# Suggestions for 'strummy' songs to teach teengers...



## distressed_romeo (Jul 17, 2006)

As I type this I'm desperately trying to think of some songs based on simple strumming patterns to teach comparative beginners...teenagers who're mostly into Nirvana and the RHCP...
I was think Higher By Creed is fairly straightforward (the intro anyway), or the chords for Nothing Else Matters or Fade to Black by Metallica. What about 'Drive' by Incubus?

Ideas, as I'm stumped (what is it the young people are listening to these days? lol)...


----------



## Metal Ken (Jul 17, 2006)

There's this one girl i had to show some songs that had really simple strum patterns.. they needed capo's though, and were totally pop songs.. if thats cool, i can look them up, as i forgot the name of them right offhand


----------



## Drew (Jul 17, 2006)

distressed_romeo said:


> As I type this I'm desperately trying to think of some songs based on simple strumming patterns to teach comparative beginners...teenagers who're mostly into Nirvana and the RHCP...
> I was think Higher By Creed is fairly straightforward (the intro anyway), or the chords for Nothing Else Matters or Fade to Black by Metallica. What about 'Drive' by Incubus?
> 
> Ideas, as I'm stumped (what is it the young people are listening to these days? lol)...



Well, if they're into Nirvana and RHCP, all of the "Unplugged" album kind of springs to mind... 

Higher actually has some reasonably complicated accents and hit-on/pulloff combos for a beginner, so I'd steer clear. It's also a song that, when you get to the chorus, doesn't really sound that good alone with just one guitar without bass and drums unless your timing is dead-perfect, so it'd be a frustrating song for a beginner. 

Hm... What else comes to mind...

"The World I Know" - Collective Soul
"Disarm" or "Today" - Smashing Pumpkins
"Sweet Child of Mine" - GnR
"Plush" - Stone Temple Pilots (though, that barred maj7 chord is kind of a bitch if you're a beginner)
"Selling the Drama" - Live
"What's the Frequency, Kenneth?" by REM (hate the band, love the album)
"Glycerine" - Bush
"Rodeo Clowns" - G Love & Special Sauce
"What's this Life For" - Creed
"What it's Like" - Everlast. Also, "Put Your Lights On" with Santana. 

IF you really want to be insiduous, try Opeth's "Harvest." Bonus points if they've never heard of the band and you don't play 'em anything else by them until they learn the song.  

With someone who doesn't listen to metal, I'd steer away from Metallica. I know back in my grunge-rock days if I was taking lessons from someone who was into metal and they started having me learn metallica songs, it'd be a bit of a turnoff. 
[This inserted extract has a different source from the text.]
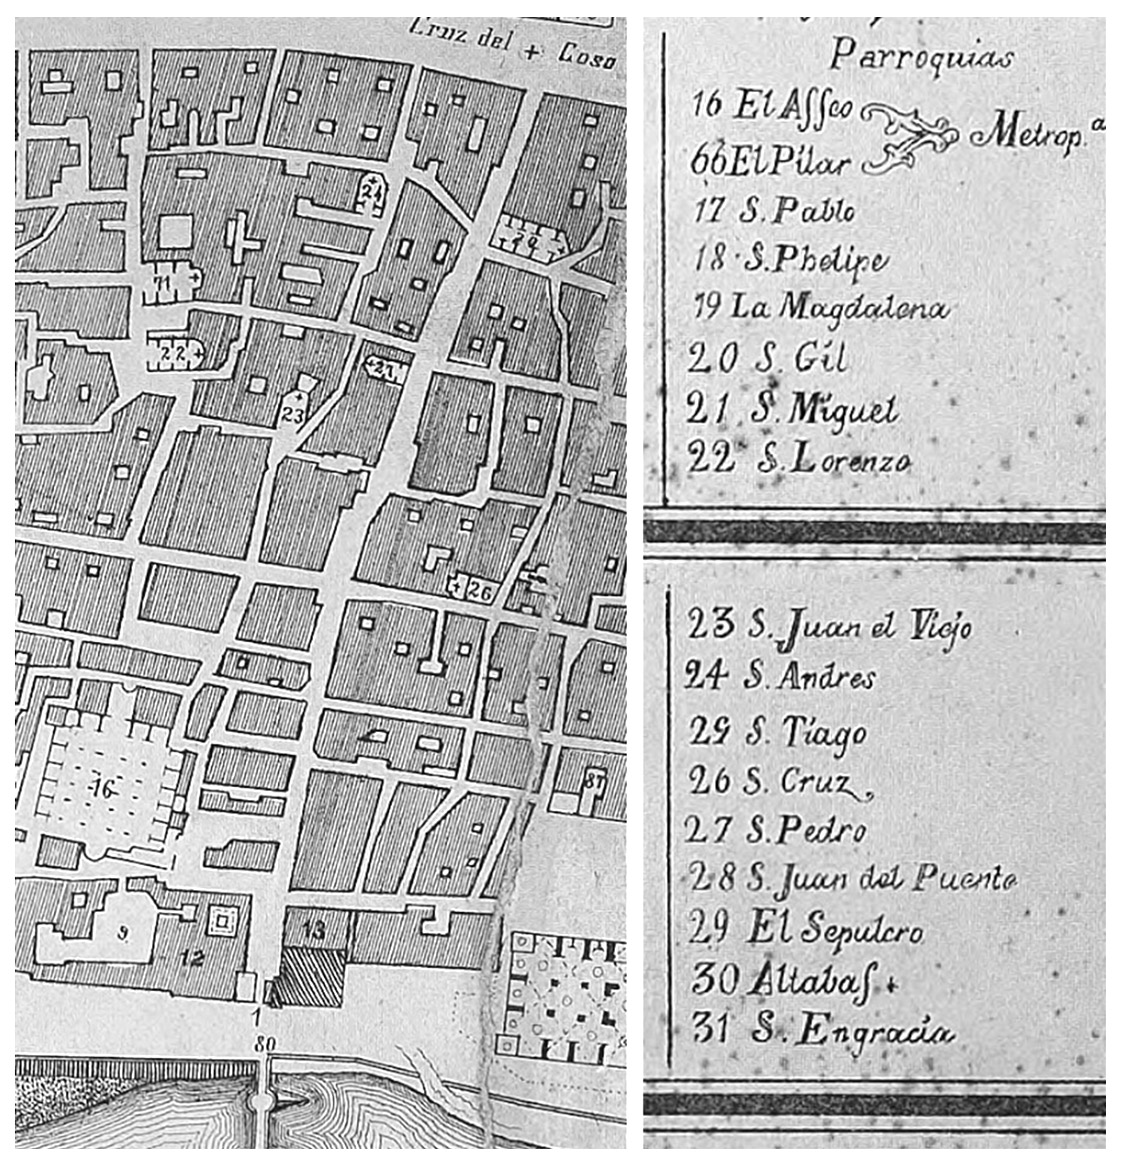 Fragmentos del plano levantado por Carlos Casanova en 1769

Also, kind of a chance, but you could always play them SRV's "Life By the Drop" and see if they dig it enough to learn - that and his cover of "Little Wing" were the first SRV tracks I really got into, and it was really a couple months before I could really listen to anything else off his posthumous "The Sky is Crying" album, which quickly had a HUGE impact in my development as a player when things clicked. It's a straightforward tune, bluesy but with an unconventional set of changes, and has the sort of emotional honesty and vulnerability that might appeal to someone into alt/rock and grunge (and makes an awesome transition into something a little more demanding. .


----------



## distressed_romeo (Jul 17, 2006)

Might do 'Sweet Child...' next week...
Disarm would be a great one actually! May have to sit down and transcribe that one tonight...
Cheers guys!


----------



## rahul_mukerji (Jul 17, 2006)

Simple strummy songs can be found right off Nirvana's unplugged album  . I pretty much learnt Polly (simple chords, nice strum pattern) and About a Girl (easy to play, fun for beginners) and The Man who sold the world (simple lead and, again, fun).

Gin Blossom songs are easy strums too and they are ....umm .... catchy ?


----------



## Mastodon (Jul 17, 2006)

Teach them some funk stuff. Everybody loves funk.
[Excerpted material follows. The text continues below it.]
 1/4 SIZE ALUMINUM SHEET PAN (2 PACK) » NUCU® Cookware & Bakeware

My teacher used some funk songs, and a funk song he made up specifically for a stundent years ago in order to help me develop good strumming as well as good string muting skills and clean playing.
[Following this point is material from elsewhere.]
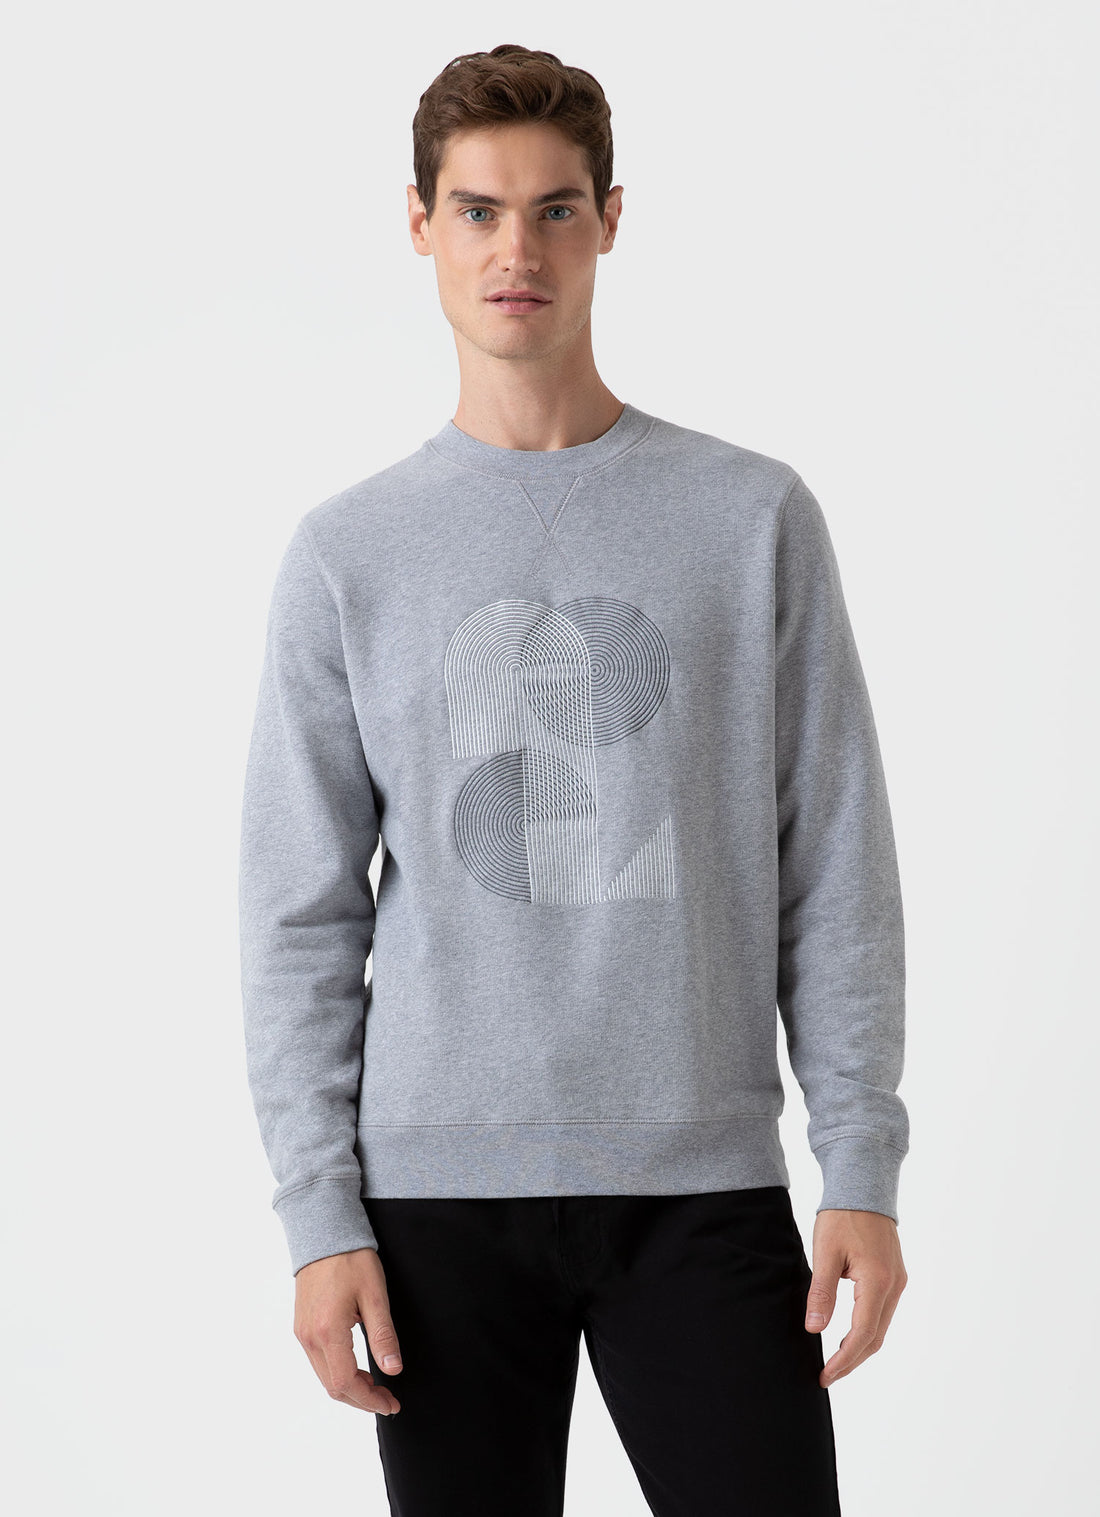 Men's Craig Ward Embroidered Sweatshirt in Grey Melange

I suggest "Lover Rollercoaster" (ohio players) and "Good Times" (Grand Funk Railroad)


----------



## telecaster90 (Jul 18, 2006)

Try some Pink Floyd. Get the chords for some simple songs (Comfortably Numb, Breathe, WYWH) and have them jam on it. What's cool about those is that they have easy progressions to solo on once they get to that playing level.


----------



## distressed_romeo (Jul 18, 2006)

Already thought about WYWH. That would be a great one.


----------



## keithb (Jul 18, 2006)

_Colorblind_ and _Mr. Jones_ by the Counting Crows come to mind.

I'm sure I'll think of more in a minute.


----------